▸ **REQUIRED ACTION**
Repeat only the lines below that run from the line with "Fields surveyed in" to the line with "Free Admission For", ends included; skip every picture.

*** INPUT Section Begins ***

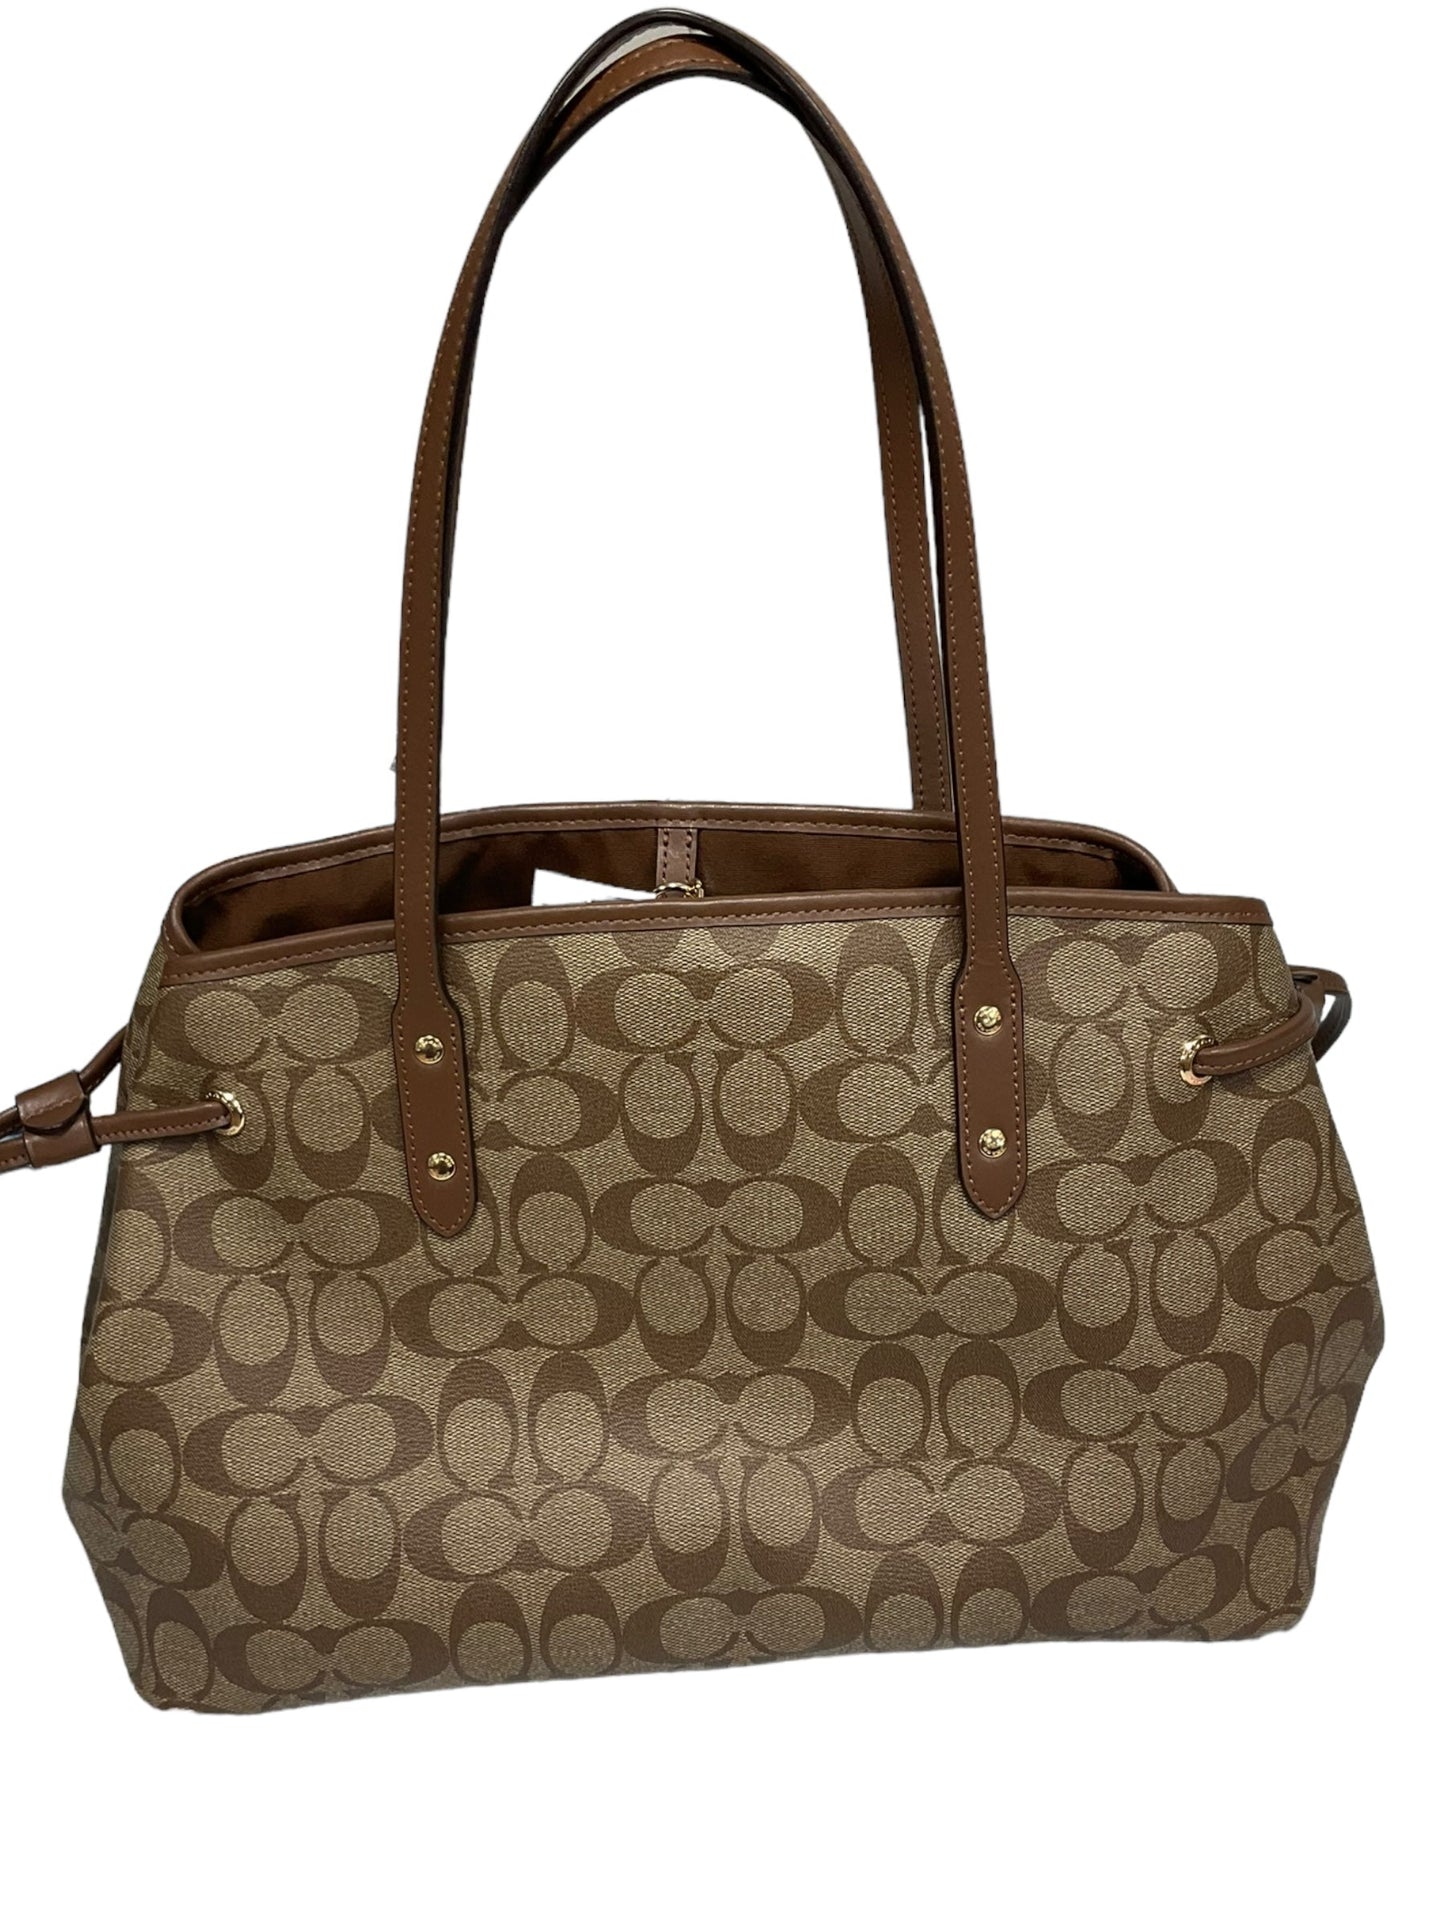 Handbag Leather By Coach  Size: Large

*** INPUT Section Ends ***
*** INPUT Section Begins ***

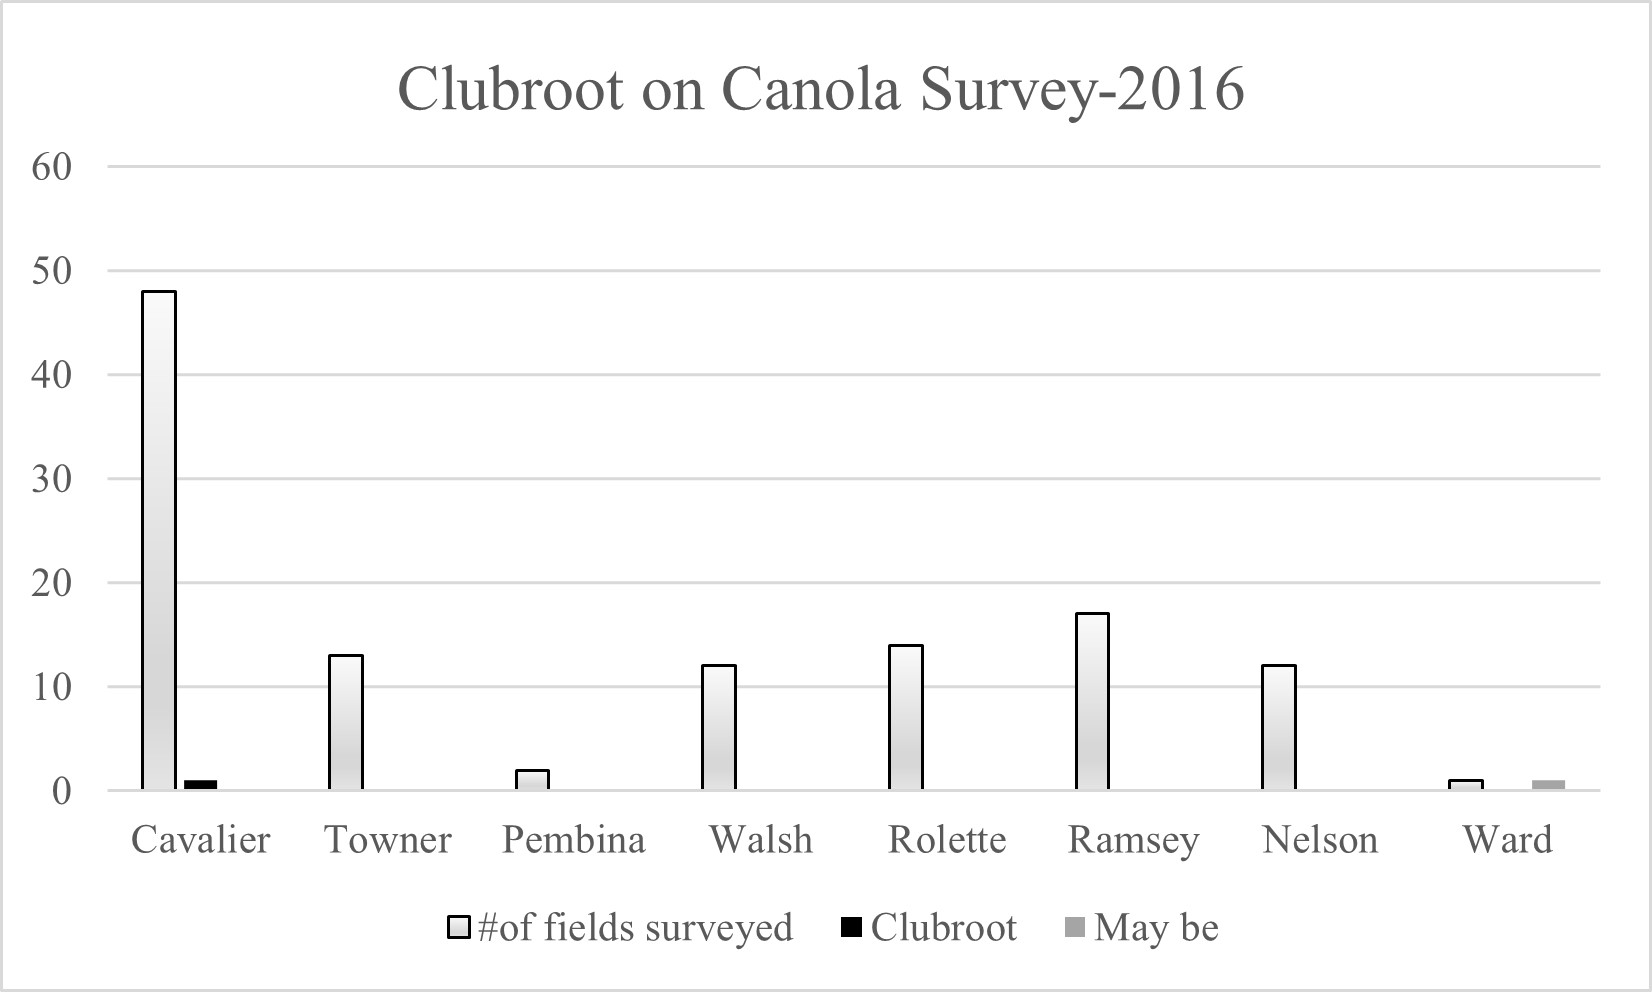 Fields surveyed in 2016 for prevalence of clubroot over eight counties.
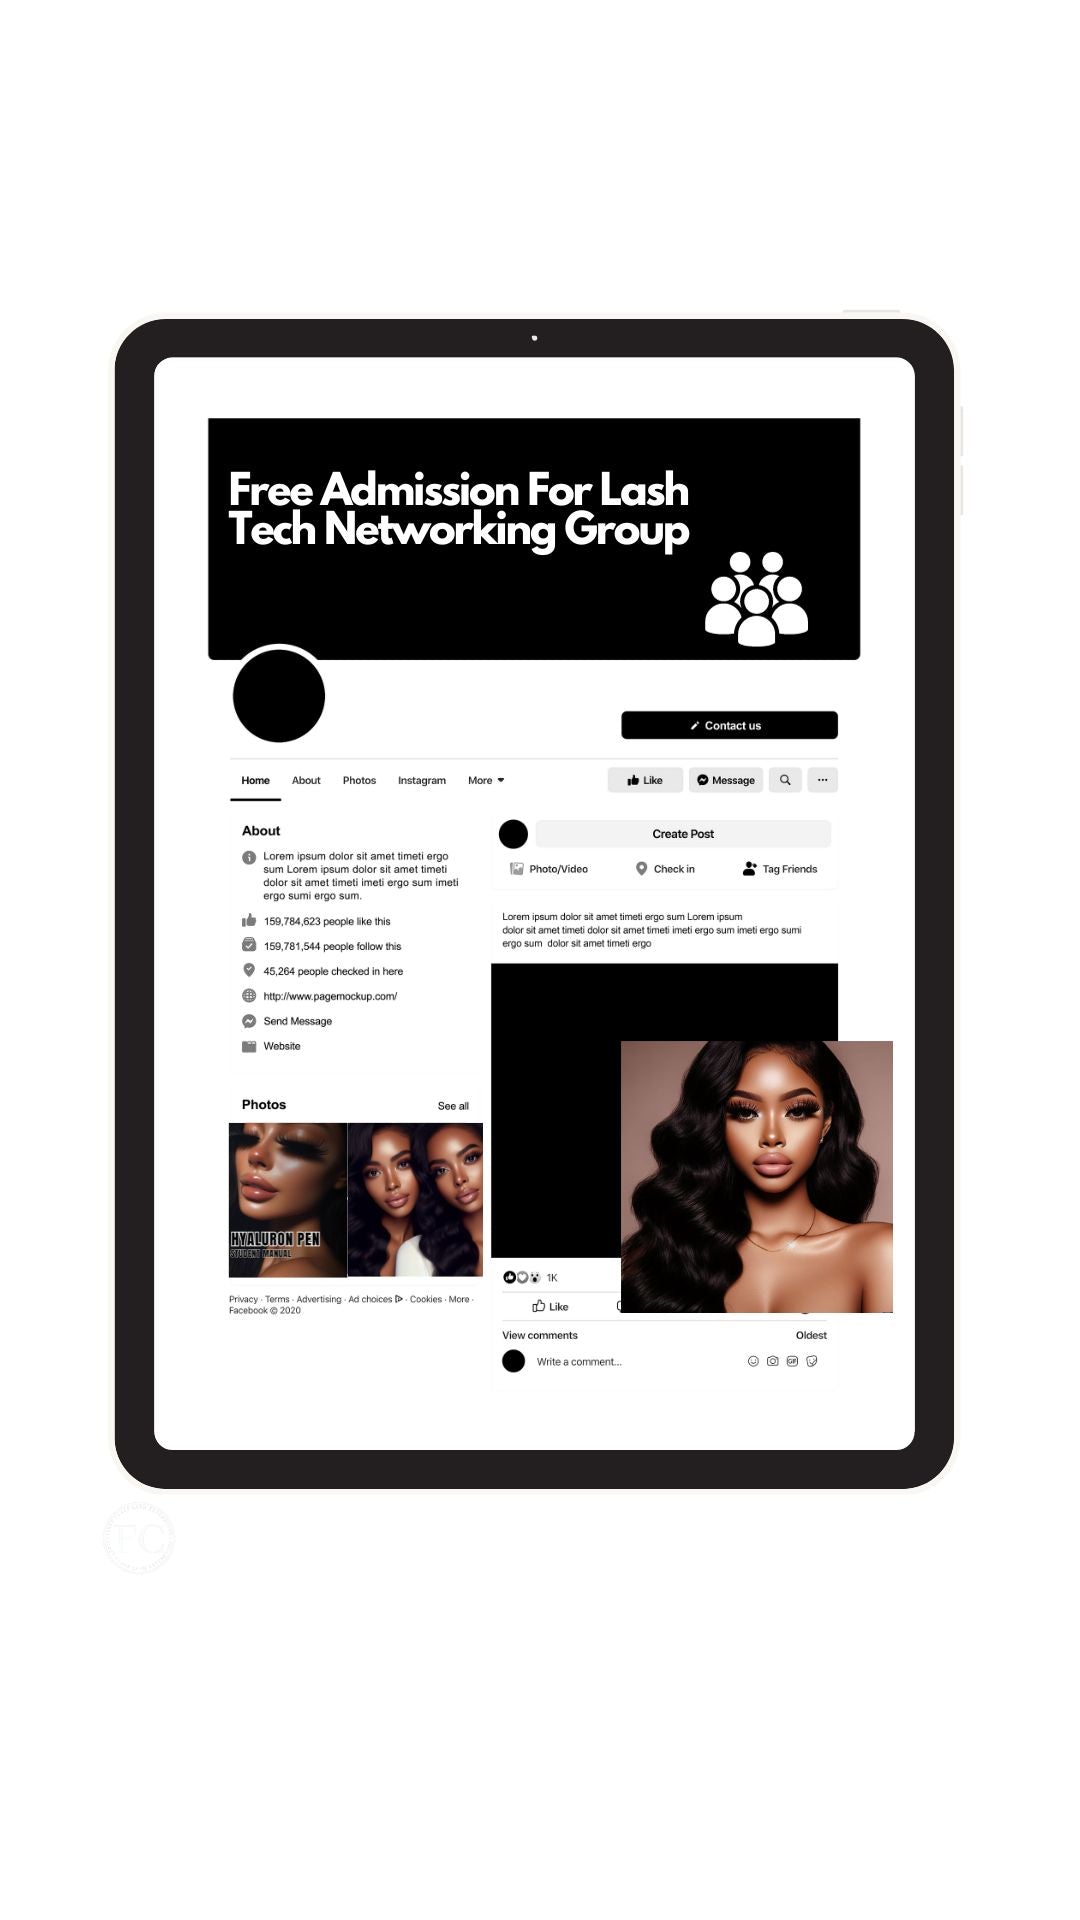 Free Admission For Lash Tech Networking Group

*** INPUT Section Ends ***
*** INPUT Section Begins ***

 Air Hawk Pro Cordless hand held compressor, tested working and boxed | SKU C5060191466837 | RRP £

*** INPUT Section Ends ***

▸ **RESULT FOR THIS TASK**
 Fields surveyed in 2016 for prevalence of clubroot over eight counties.
 Free Admission For Lash Tech Networking Group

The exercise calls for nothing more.